▶ _Data_
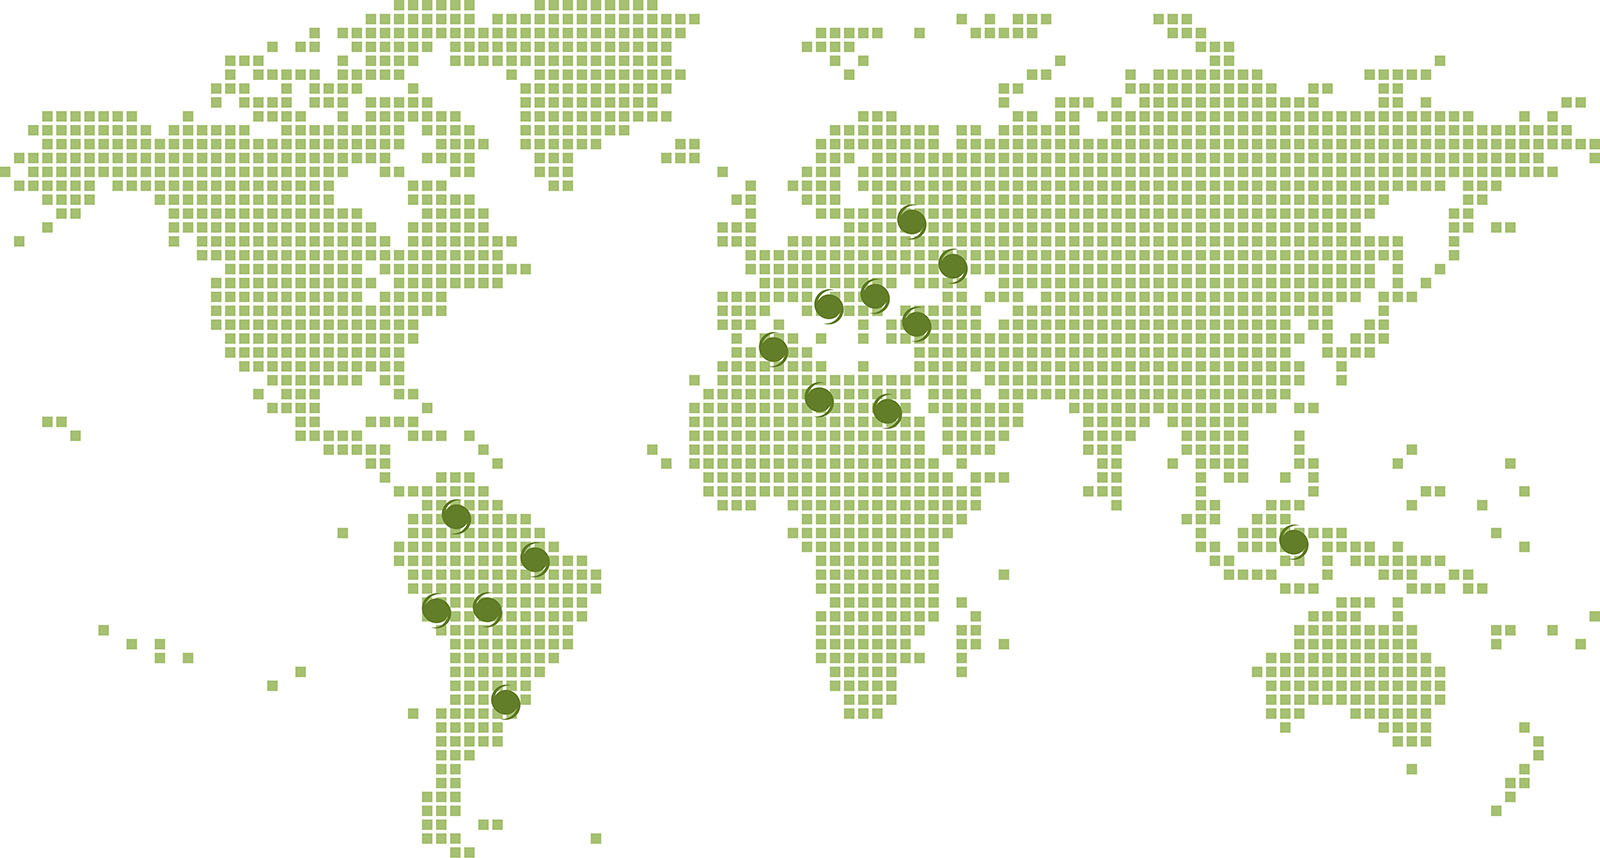 Mapa de Seedar en el mundo
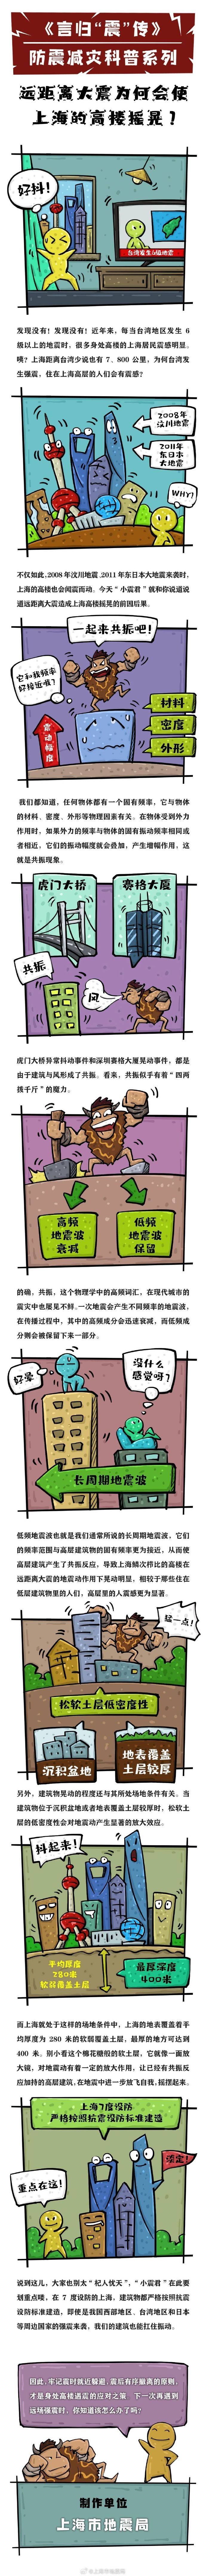 上海市地震局的微博，台湾地区发生中强地震，上海市地震局详解，高层建筑受影响的可能性及应对措施
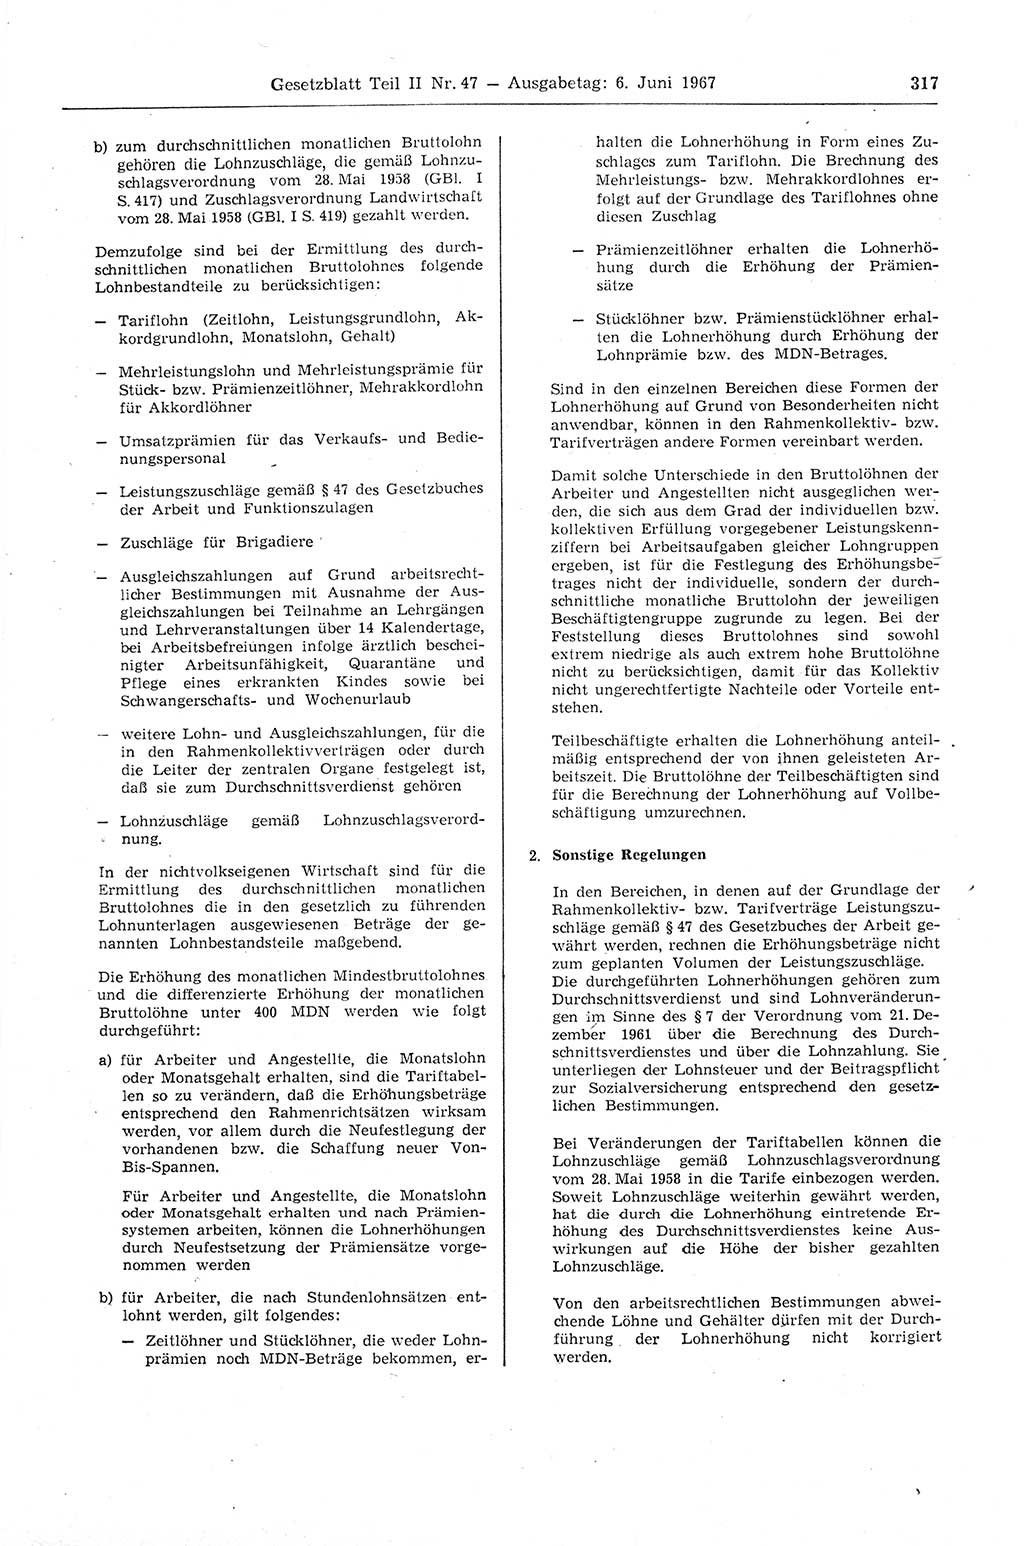 Gesetzblatt (GBl.) der Deutschen Demokratischen Republik (DDR) Teil ⅠⅠ 1967, Seite 317 (GBl. DDR ⅠⅠ 1967, S. 317)
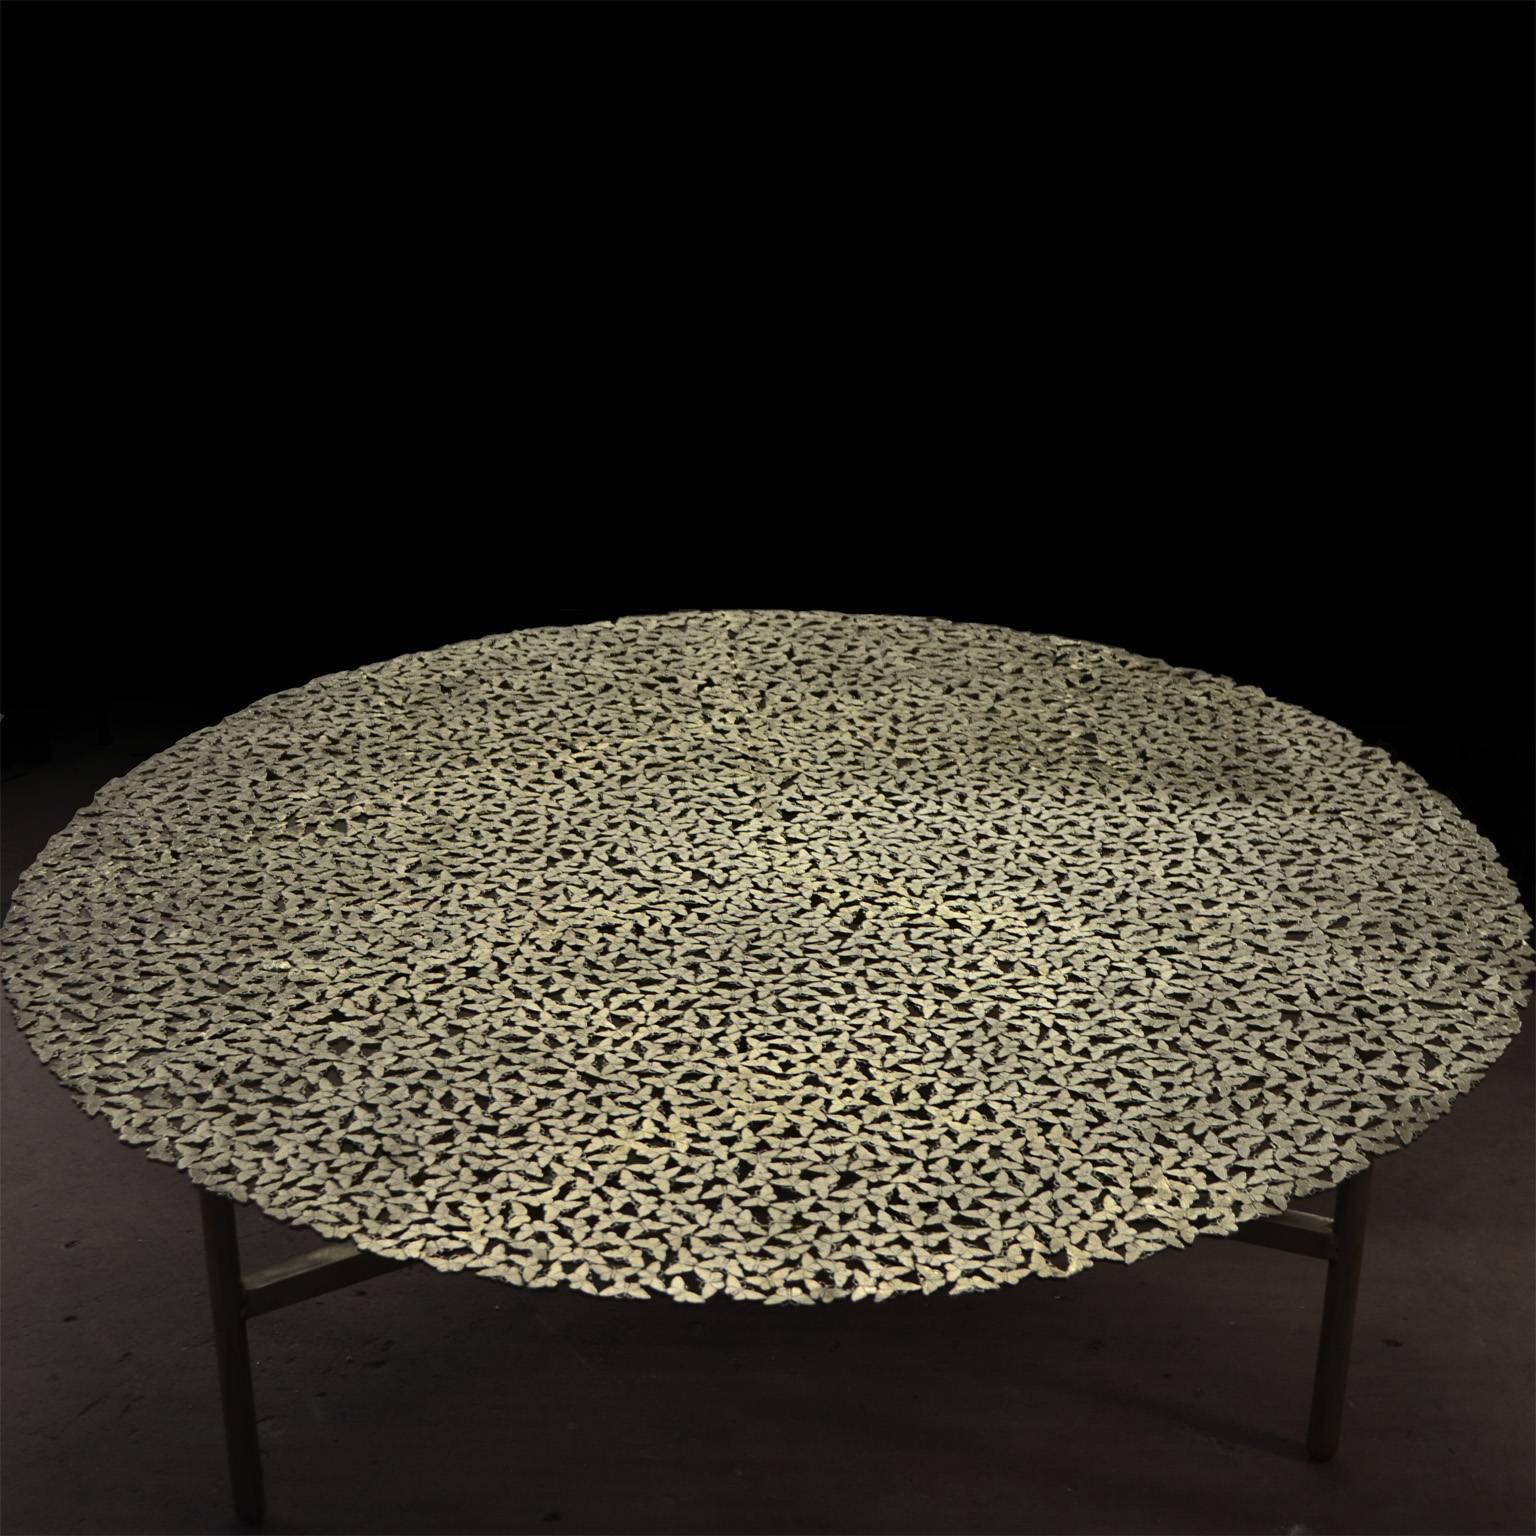 Ein Schwarm von Schmetterlingen, zart wie ein Spitzentischtuch, formt eine unvergängliche Tischplatte aus weißer Bronze, die von italienischen Meisterhandwerkern im Wachsausschmelzverfahren gegossen wurde. Ein skulpturaler Tisch, der sowohl für den
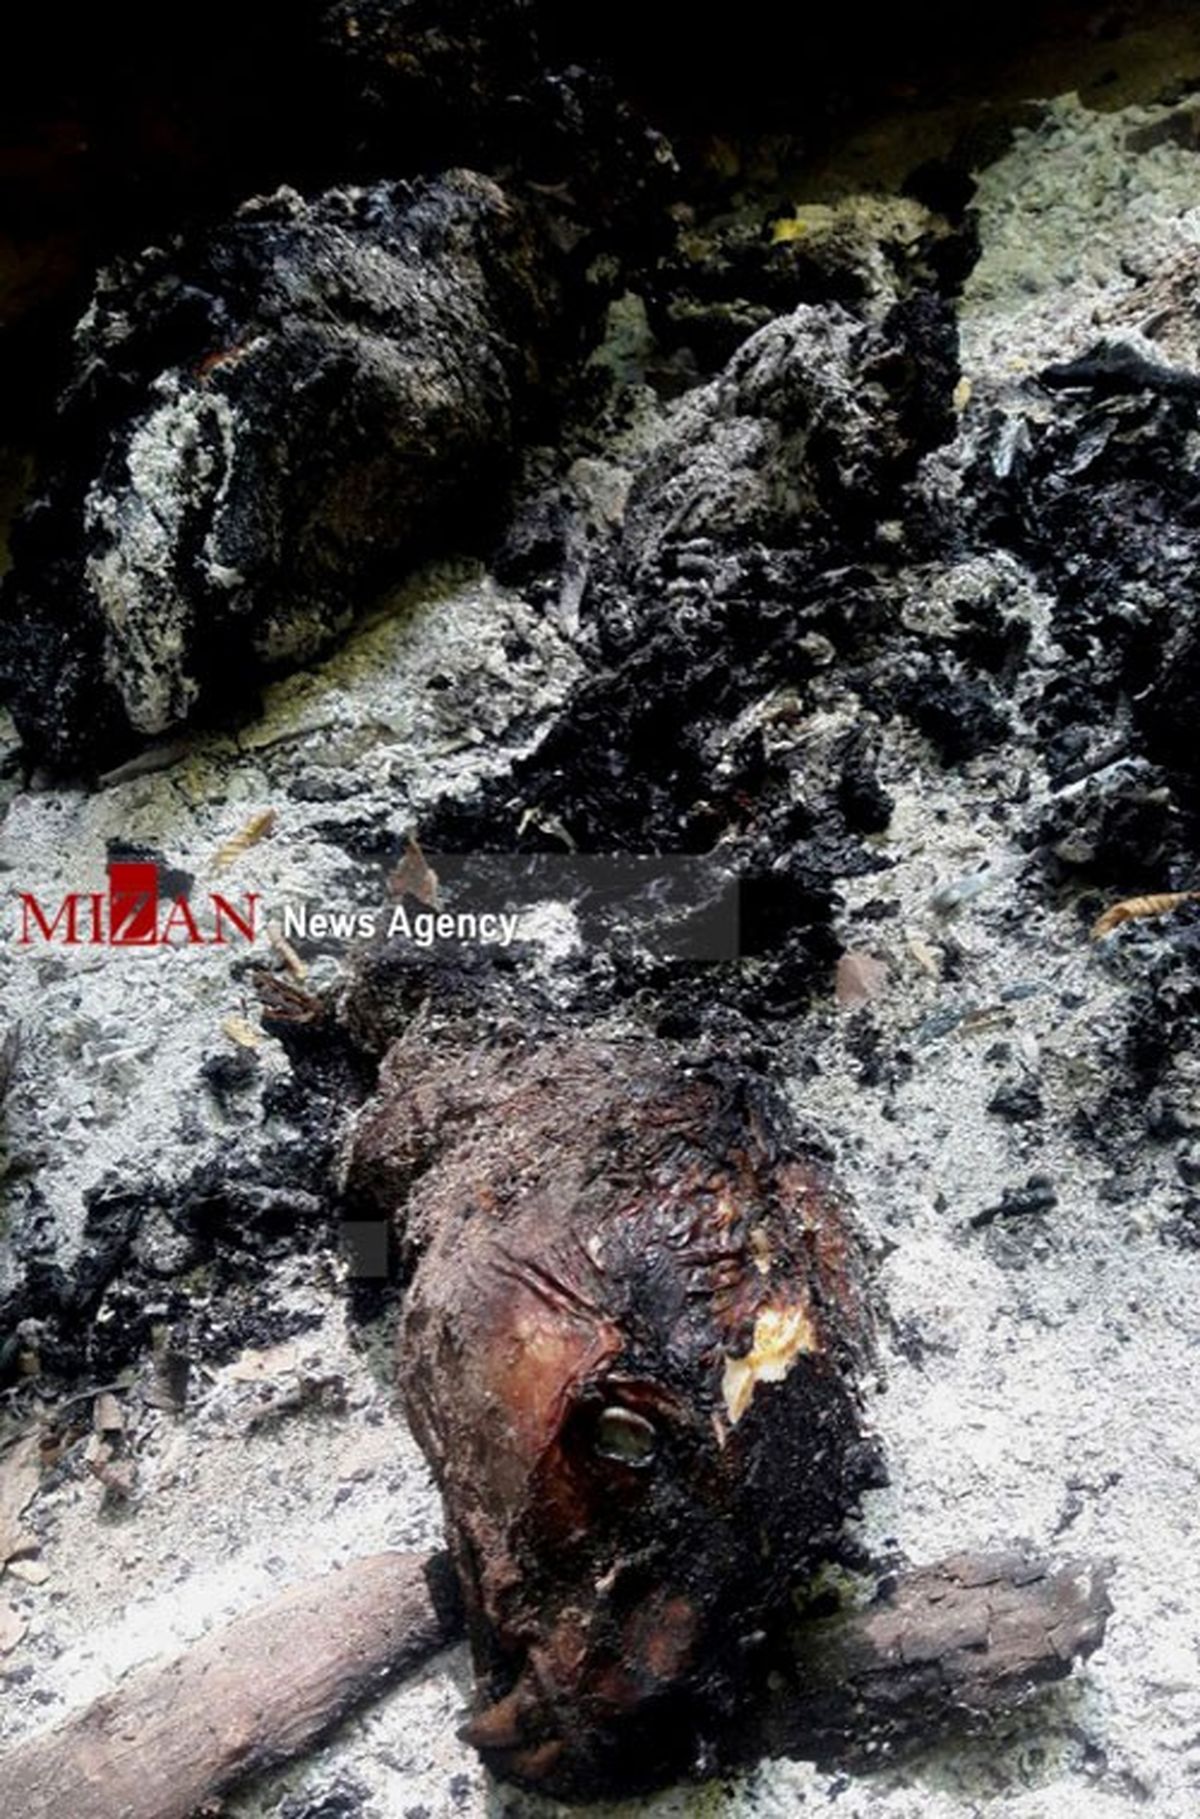 پیگیری حادثه سوزاندن یک پلنگ ماده در مازندران

▶ _Exercise details_
Begin with the line containing "Gesetzblatt (GBl.) der" and end with the last line of the material above; return exactly those lines, both ends included, and omit all pictures.

▶ _Completed task_
 Gesetzblatt (GBl.) der Deutschen Demokratischen Republik (DDR) Teil ⅠⅠ 1967, Seite 317 (GBl. DDR ⅠⅠ 1967, S. 317)
 Ein Schwarm von Schmetterlingen, zart wie ein Spitzentischtuch, formt eine unvergängliche Tischplatte aus weißer Bronze, die von italienischen Meisterhandwerkern im Wachsausschmelzverfahren gegossen wurde. Ein skulpturaler Tisch, der sowohl für den
 پیگیری حادثه سوزاندن یک پلنگ ماده در مازندران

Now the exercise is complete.